Thin veils serve to allow us a glimpse of what is beneath with just a slight touch, a careful look, often a momentary encounter that leaves us wondering if we really did see what was beneath the veil.

Today is one of those days in Celtic (Irish, Welsh, Scottish, Cornish, to name a few) traditions where the veil between this world and the Otherworld thins allowing us memories and glimpses of loved ones who have passed over, perhaps even messages from them offering guidance, direction and wisdom for our lives.

I had an experience the other day in my house with our family library that reminded me that this time of the year was upon us.  I had to go down to the lowest floor of our house to get something which meant going down a twisting stair case.  The wall all along that set of stairs is an extended book case holding a large part of our family library.  As I went down, I glanced over at the books.  I reached out without thinking and ran my hand over the books.  Suddenly, I was drawn to this book, and then that book, and another.  Before long, I had pulled them off the shelf and was flipping through the pages of John O’Donohue’s Anam Cara, my first copy of the Tao Te Ching translated by Stephen Mitchell and Being Peace by Thich Nhat Hanh.  As I flipped through pages, I found the lines of each book that I had underlined years ago, and in that moment, the wisdom poured fourth and refreshed my soul.
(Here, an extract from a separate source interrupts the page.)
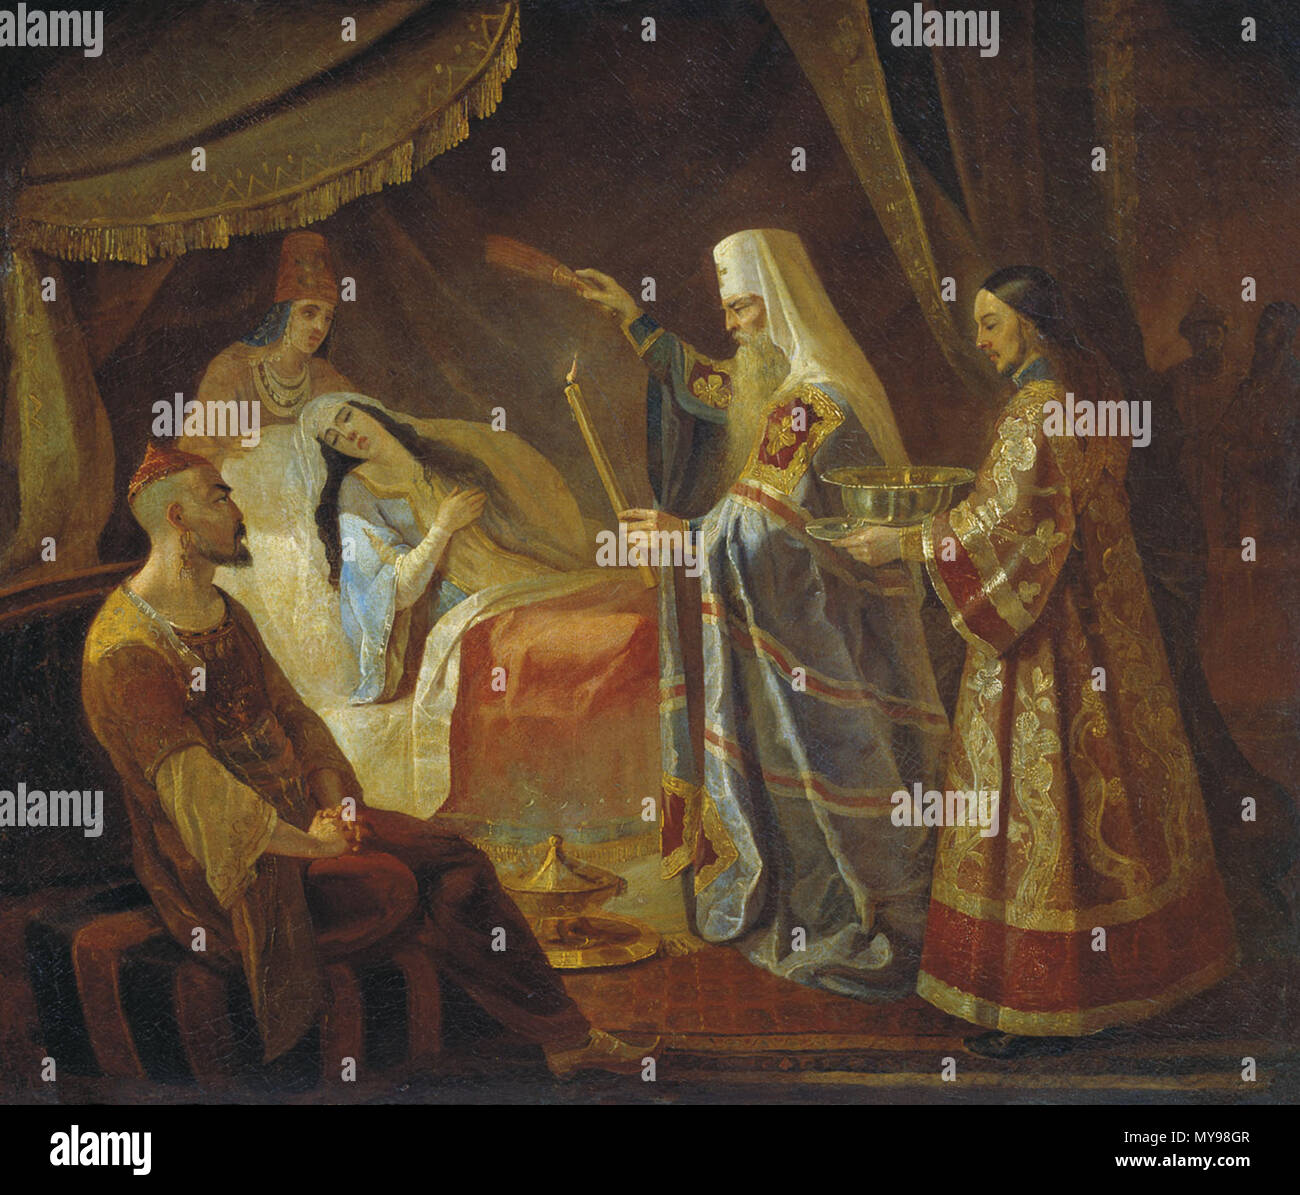 . Metropolitan Alexis Healing the Tatar Tsarina Taidula from Blindness . 19th century. Yakov Kapkov (1816-54) 30 Alessio-Kapkov Stock Photo
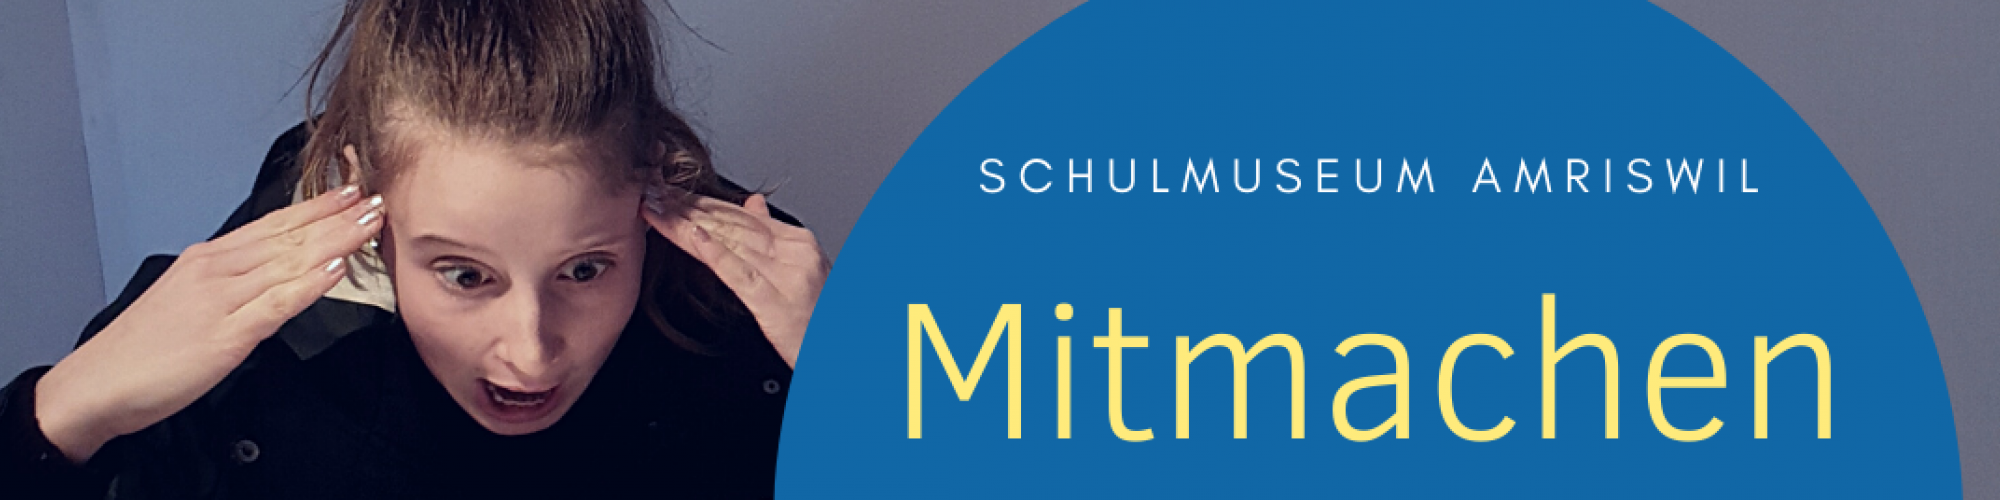 Stiftung Schulmuseum Mühlebach

A friend recently referred to these kinds of important, powerful underlined gems of wisdom as our “personal scriptures.”  I like that.  I suspect that in all of our home libraries, whether many bookcases or simply a small stack of cherished books, we each could assemble our personal scriptures.  Otherwise, why keep all those books?

Why not take a few minutes today and go run your hands and your eyes over your home library?  Which books call out to you from behind the veil of too many years?  As you take them down and open their pages again, what wisdom speaks to you through the veil of time?  I invite you to find one personal piece of wisdom in your library today, and cherish the gift.